[[ ENTRIES SUPPLIED open ]]
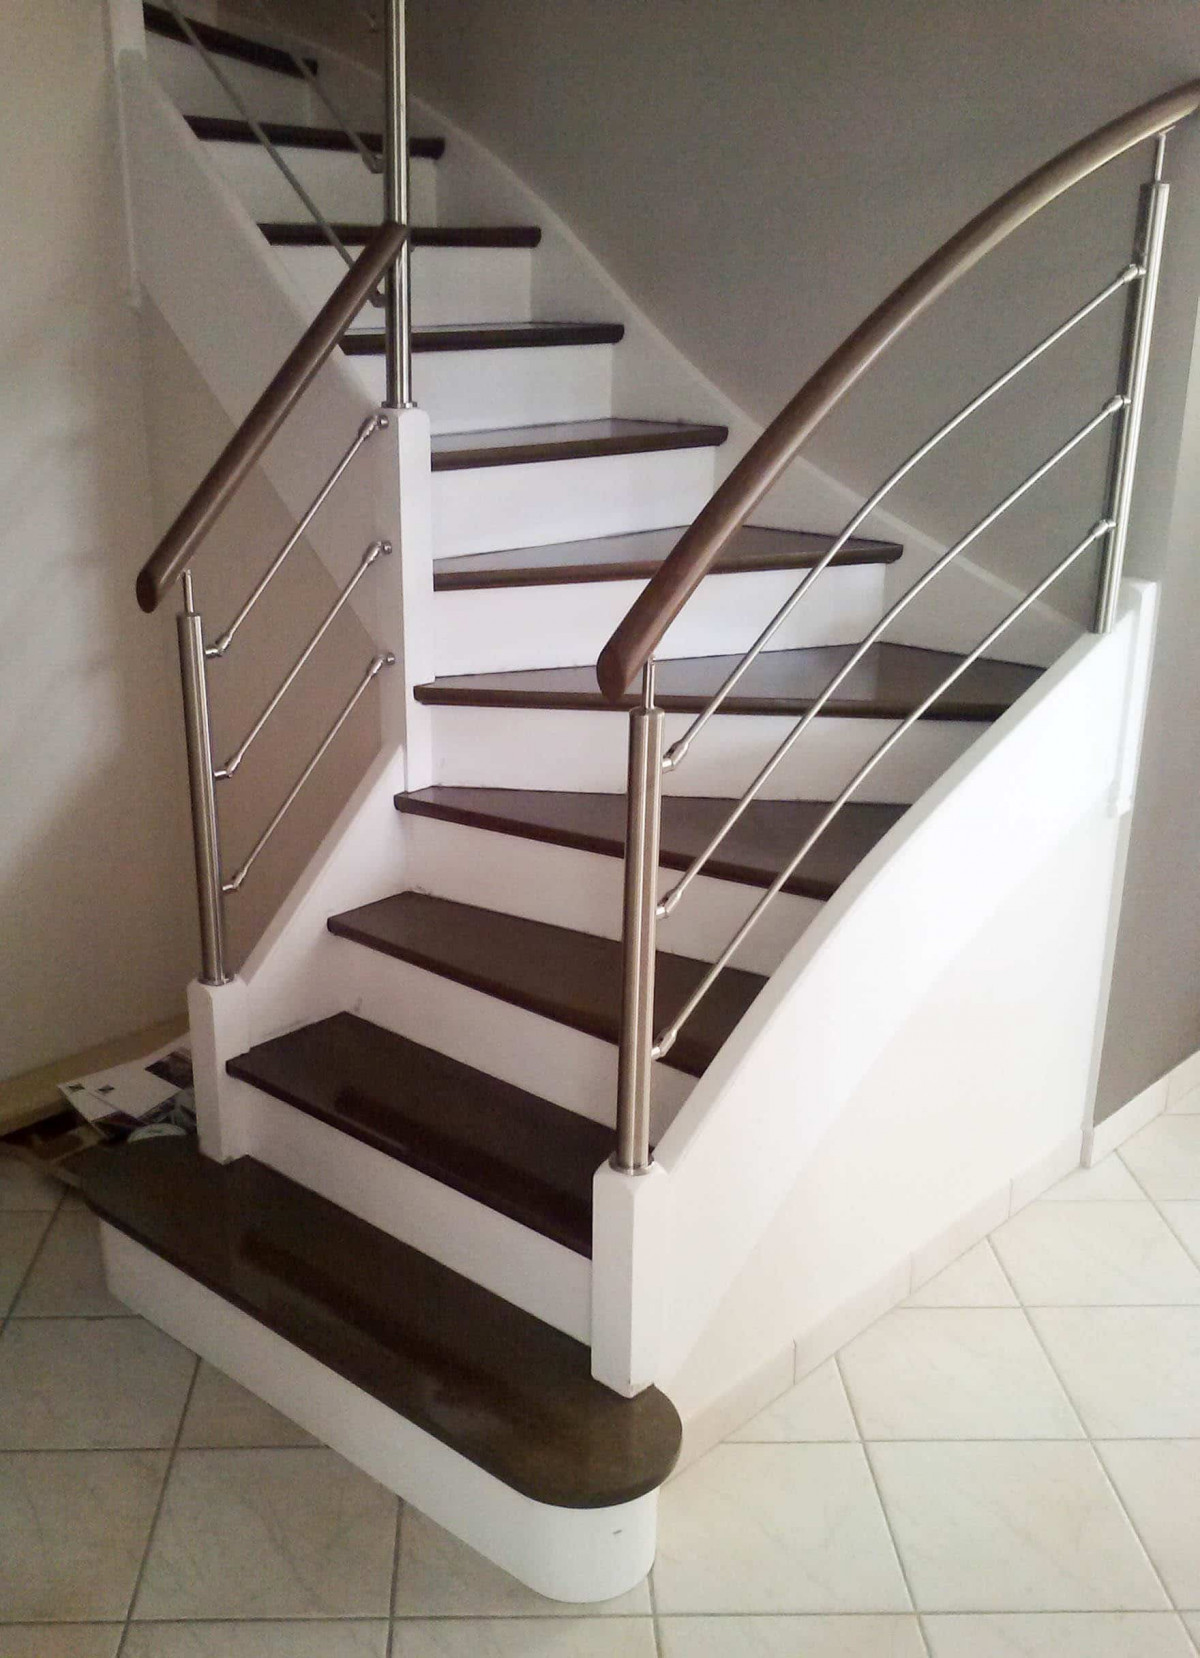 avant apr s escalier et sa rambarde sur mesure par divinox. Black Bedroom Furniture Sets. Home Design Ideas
[[ ENTRIES SUPPLIED closed ]]
[[ ENTRIES SUPPLIED open ]]
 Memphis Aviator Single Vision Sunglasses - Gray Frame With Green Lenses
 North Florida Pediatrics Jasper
[[ ENTRIES SUPPLIED closed ]]
[[ ENTRIES SUPPLIED open ]]
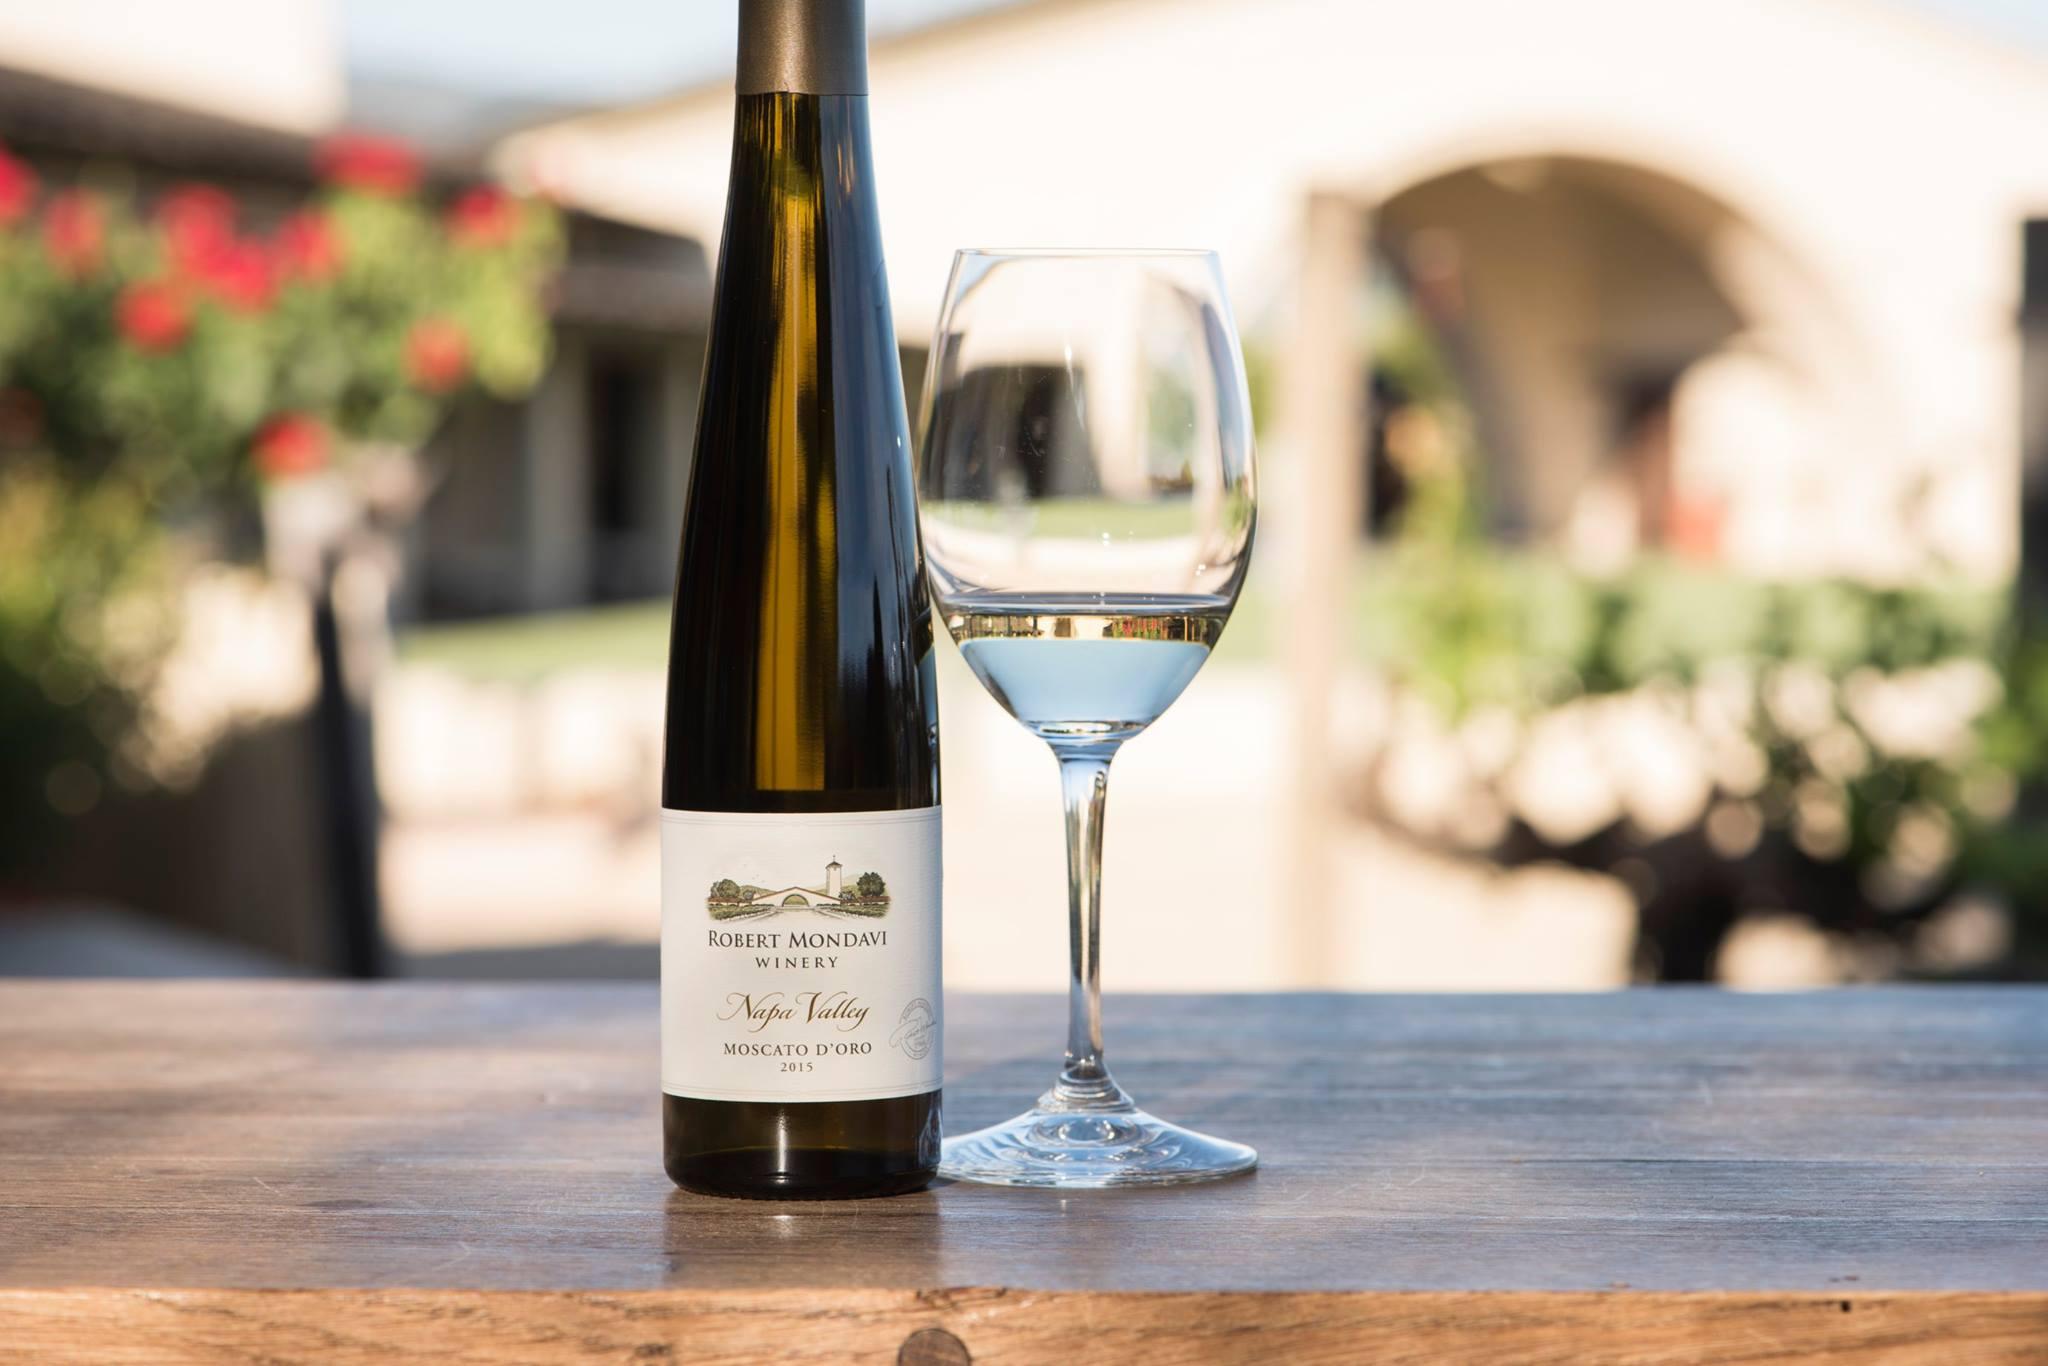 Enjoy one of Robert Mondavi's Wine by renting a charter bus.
[[ ENTRIES SUPPLIED closed ]]
§ ACTIVITY: Quote the data above from the line containing "Memphis Aviator Single" to the line containing "North Florida Pediatrics Jasper", inclusive, and stop.

§ TASK RESULT:
 Memphis Aviator Single Vision Sunglasses - Gray Frame With Green Lenses
 North Florida Pediatrics Jasper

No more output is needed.